Reputation: 1
I am trying to find two separate groups of text within a document using REGEX in an application. Example:
(facility services|MAFS|MFA|facility|facilities)
(agreement|lease)
I only want to identify documents that have a match to one word in both sets of text, such as facility
and agreement
. How would I write that in REGEX?
Upvotes: 0
Views: 210
Reputation:
This is commonly known as Out-Of-Order matching.
If you get into a situation where you have more than 2 sets, then the only
efficient way to do it is with an engine that does conditional constructs.

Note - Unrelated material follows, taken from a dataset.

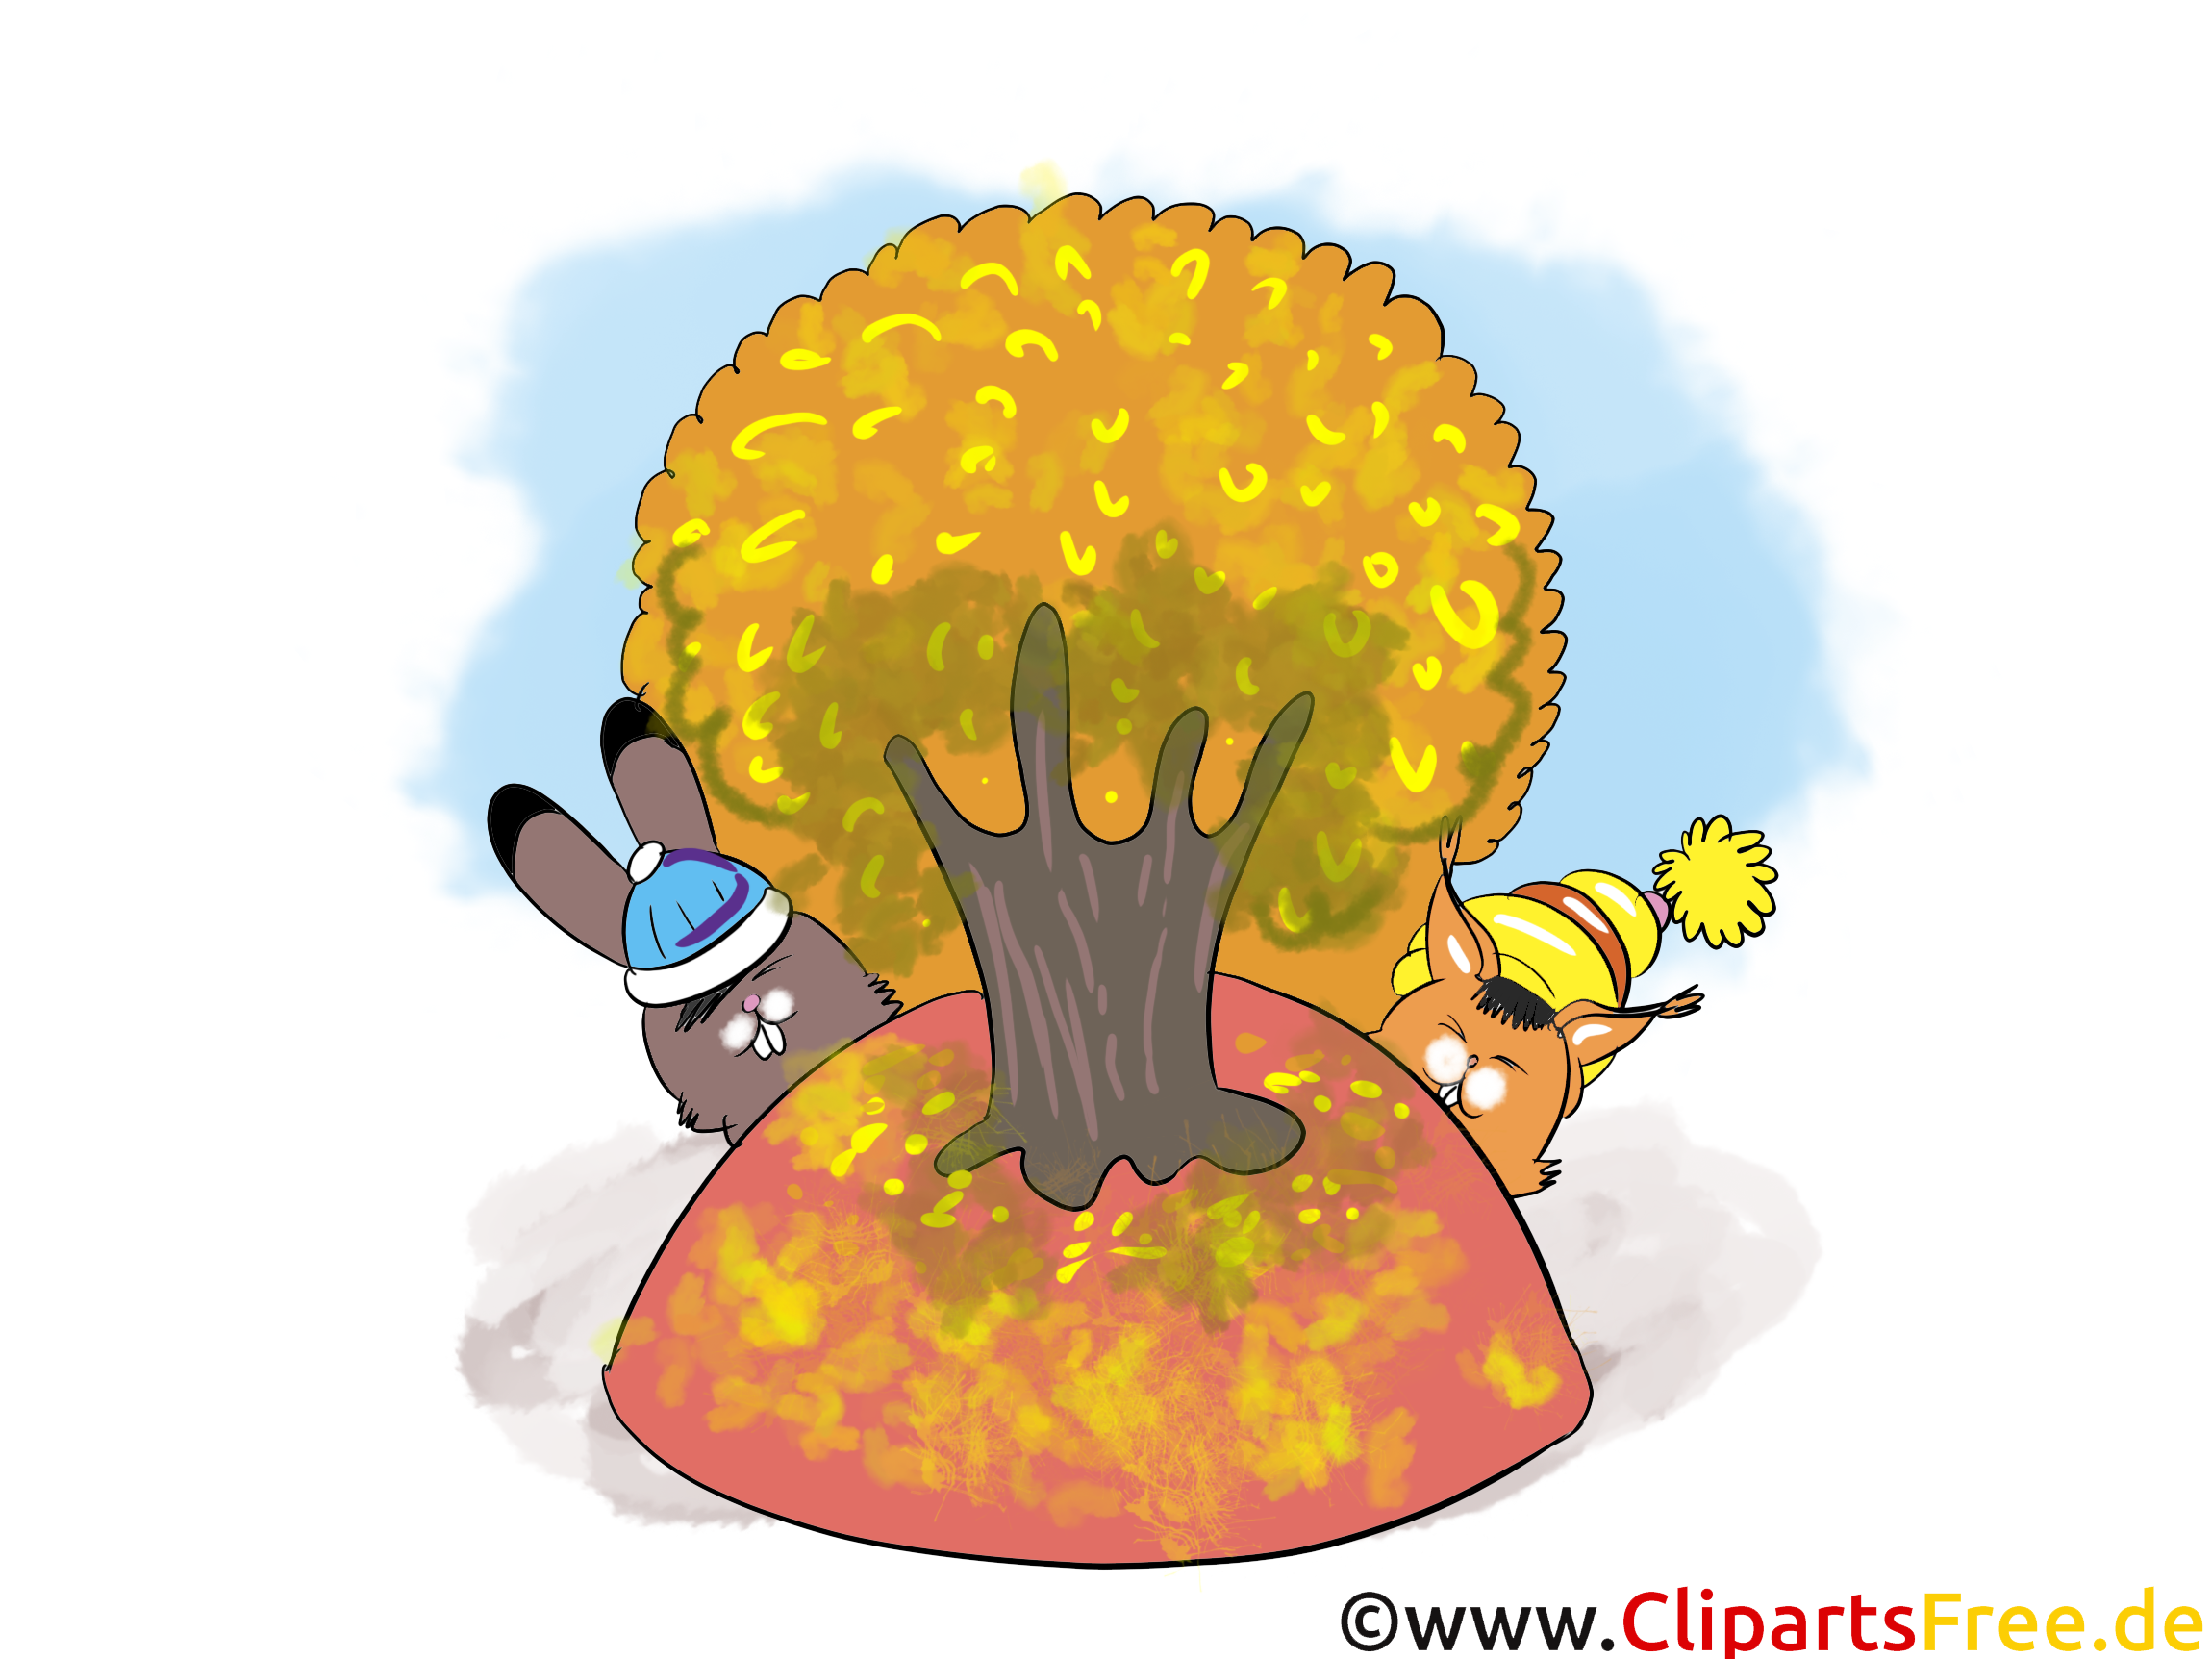 Bilder downloaden Herbst, Baum, Hasen, Blauhimmel
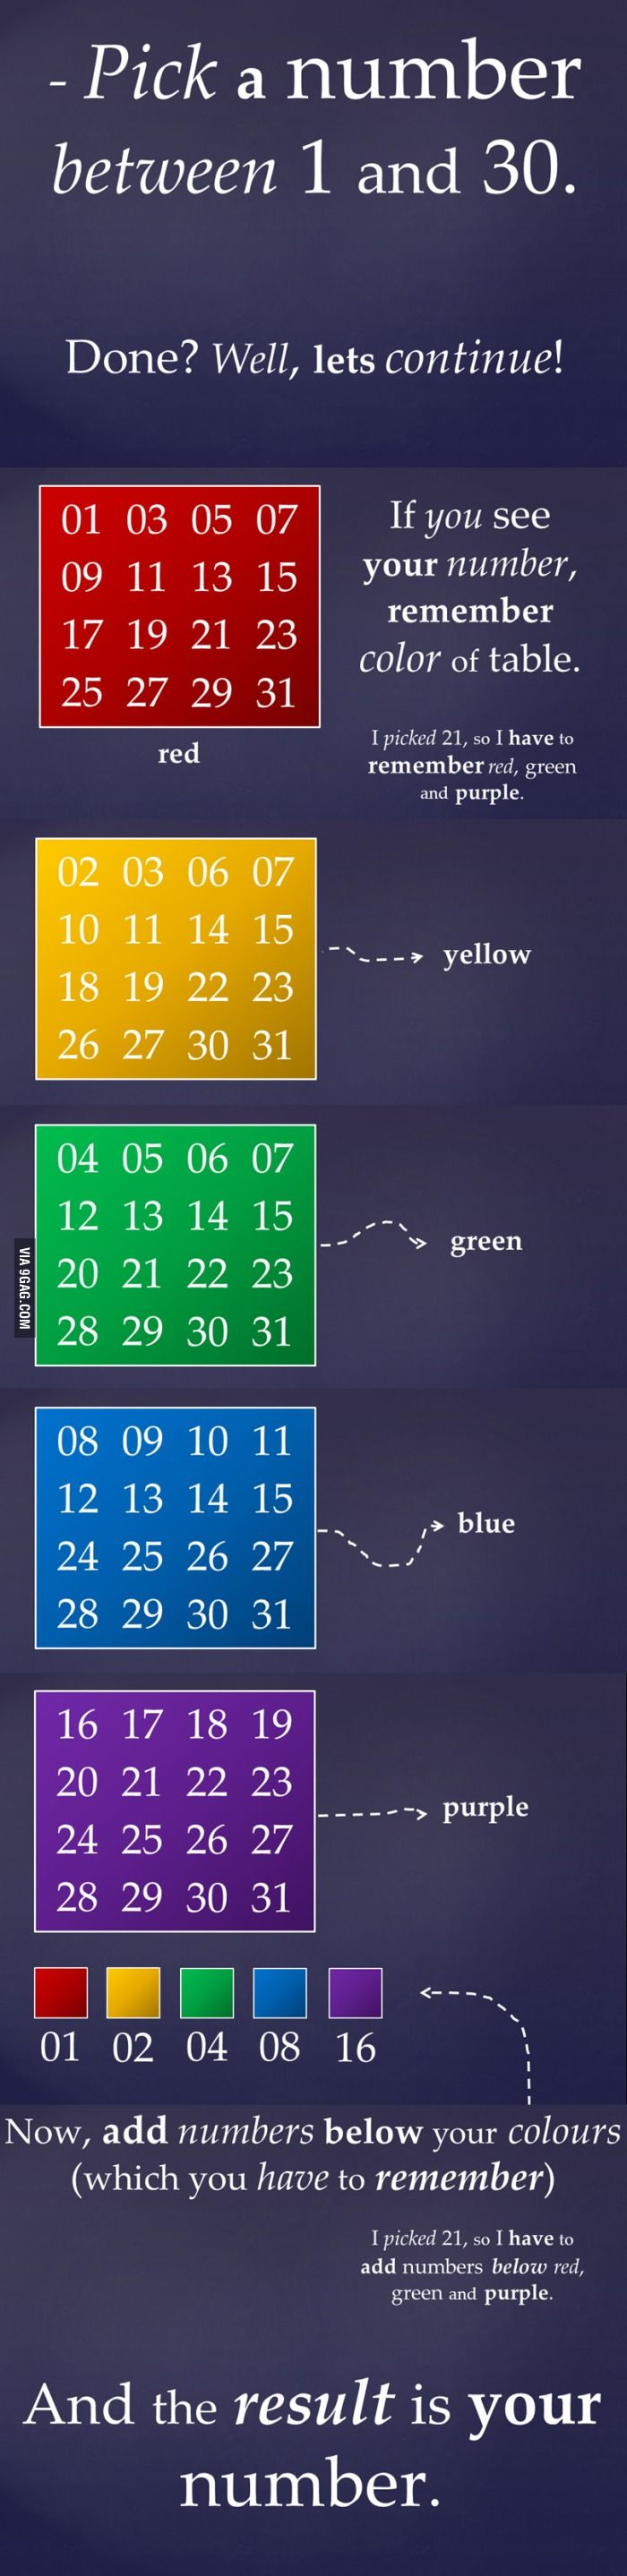 Worksheets Mind-readingnumbertrick — Mathfunfacts 68 best cool math stuff images on pinterest mathematics pick a number between 1 and 30 maths tricksbrain trickscool stuffrandom

But, this is it for your 2 sets (?:.*?\b(?:(?(1)(?!))(facility|MAFS|MFA|facilities)|(?(2)(?!))(agreement|lease))\b){2}
Readable version
(?:
.*?
\b
(?:
(?(1)
(?!)
)
( # (1 start)
facility
| MAFS
| MFA
| facilities
) # (1 end)
|
(?(2)
(?!)
)
( agreement | lease ) # (2)
)
\b
){2}
Upvotes: 0
Reputation: 782166
If you're just looking for two matches, just search for both of them in either order using alternation.
((MAFS|MFA|facility|facilities)[\s\S]*(agreement|lease))|((agreement|lease)[\s\S]*(MAFS|MFA|facility|facilities))
If there are more patterns this doesn't scale well because of combinatorial explosion, so lookaheads are the solution. See Regular Expressions: Is there an AND operator?
Upvotes: 1